So anything else you wanna add to that, Bob,
before we jump in?
I agree, I think it's a fun topic.
We get so many of these questions that we end up early, sti-do, or to the website, where
we'll point readers to one of the parts of the studying studies, but I think sometimes
just talking about it and explaining it can help a lot.
So I think this will be really useful as far as like a question and answer session rather
than just reading a blog.
I don't think this displaces that other stuff.
I think we go into probably more detail on some things there, but I also think we're going
to cover things here that aren't covered there.
So depending on how you like to get your info, this could be fun.
So where do you want to start?
We have again, a lot of questions, but I think this question gets to the core of, I think
what we're trying to do here, which is, how can a user or a person who
has no scientific background better understands studies that they read in the news or in the
publications to know if the findings are solid or not, especially in today's age where
you can easily see two studies that contradict each other.
Coffee's good, coffee's bad, eggs are good, eggs are bad.
So I thought we could run through a bunch of questions with the first one that we got
here is, what is the process for a study to go from an idea to design an execution?
This is a great question. In theory, it should start with a hypothesis.
Good science is generally hypothesis driven. I think the cleanest way to think about that is to take the position
that there is no relationship between two phenomena. We would call this sort of a null hypothesis.
So my hypothesis might be that drinking coffee makes your eyes turn darker. So, I would have to state that hypothesis, and then I would have to frame it in a way that
says, my null hypothesis is that when you drink coffee, your eyes do not change in color
in any way, shape or form, and that would imply that the alternative hypothesis is that
when you drink coffee, your eyes do change color.
You can already see, by the way, that there's nuance to this, because am I specifying what color it
changes to? Does it get darker? Does it get lighter? Does it change to blue? Green? Does it just get
the darker shade of whatever it is? But let's put that aside for a moment and just say that you will
have this null hypothesis and you will have this alternative hypothesis.
And to be able to formulate that, cleanly is sort of the first step here.
The second thing, of course, is to conduct an experimental design.
How are you going to test that hypothesis?
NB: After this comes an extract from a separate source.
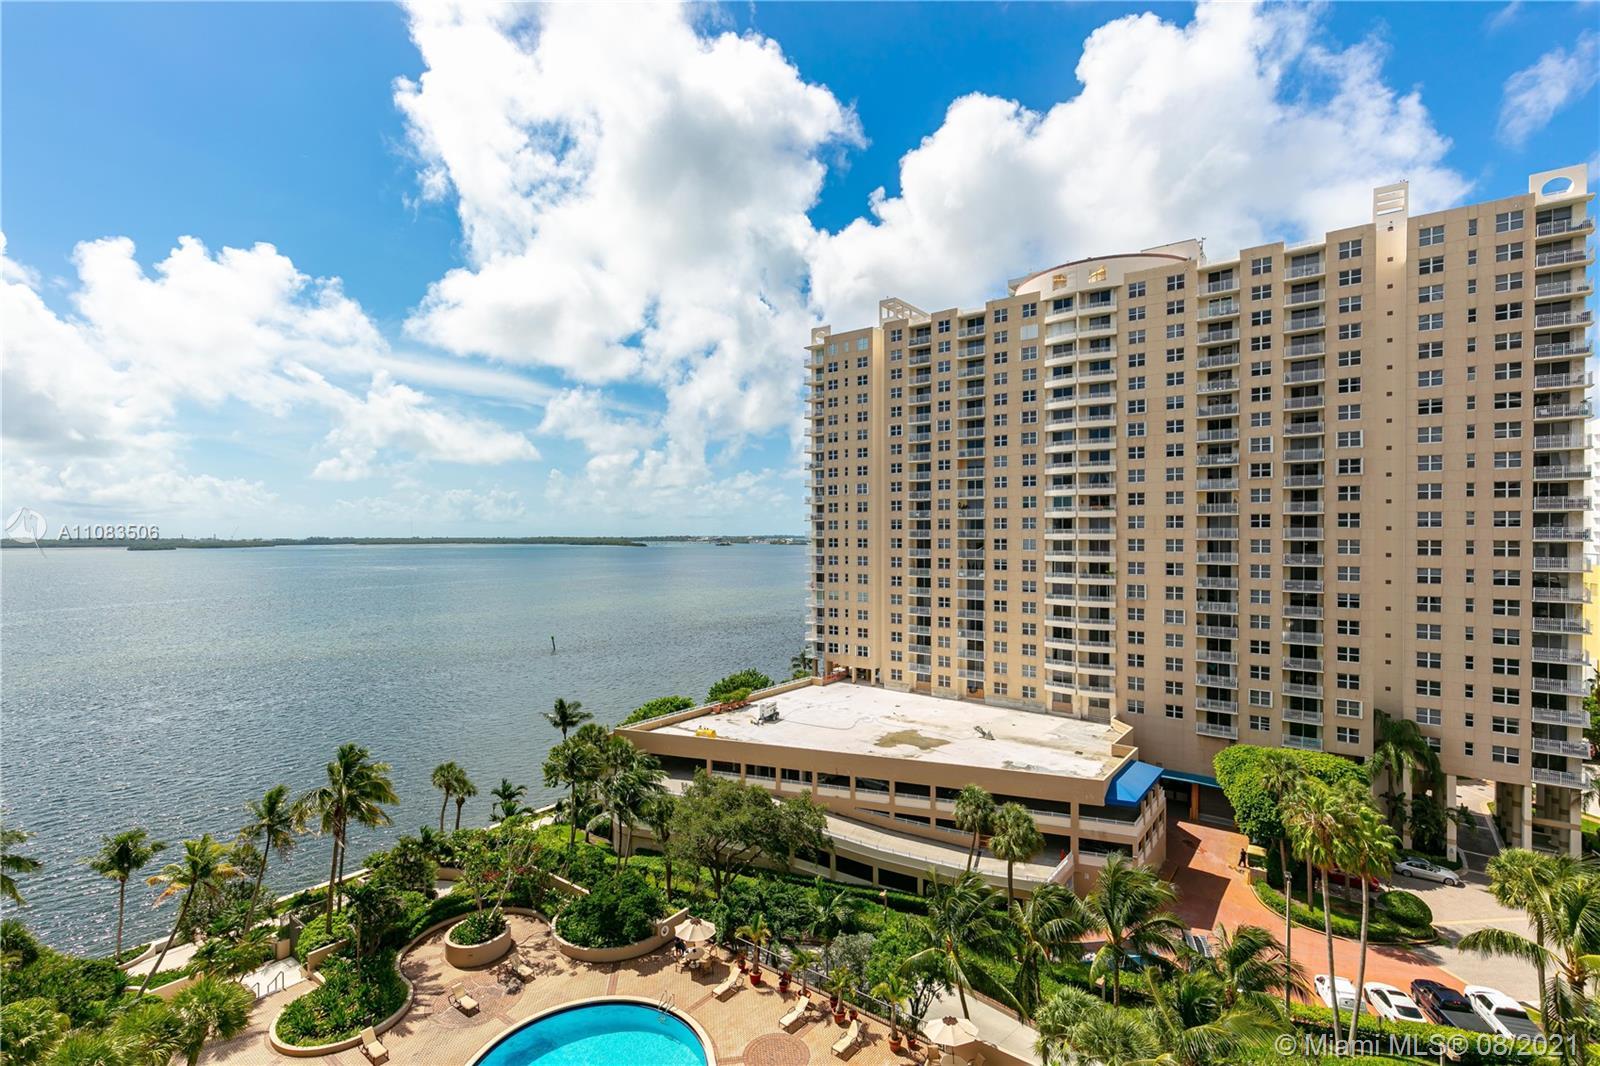 Brickell Key One #A1101 - 520 Brickell Key Dr #A1101, Miami, FL 33131

As we're going to talk about, a really, really elegant way to test this is using a randomized
controlled experiment.
If it's possible to blind it, we'll talk about
what that means. You'll have to decide, well, how long should we make people drink coffee,
how frequently should they drink coffee, how are we going to measure eye color? These are the
questions that come down to experimental design. You then have to determine a very important variable,
which is how many subjects will you have, and of course that will depend on a number of
things, including how many arms you will have in this study. But it comes down to doing something
that's called a power analysis, and this is so important that we're going to spend some time
talking about it today, although I won't talk about it right now. If this study involves human subjects
or animal subjects, you will have to get something called an institutional review board to approve the ethics of the study.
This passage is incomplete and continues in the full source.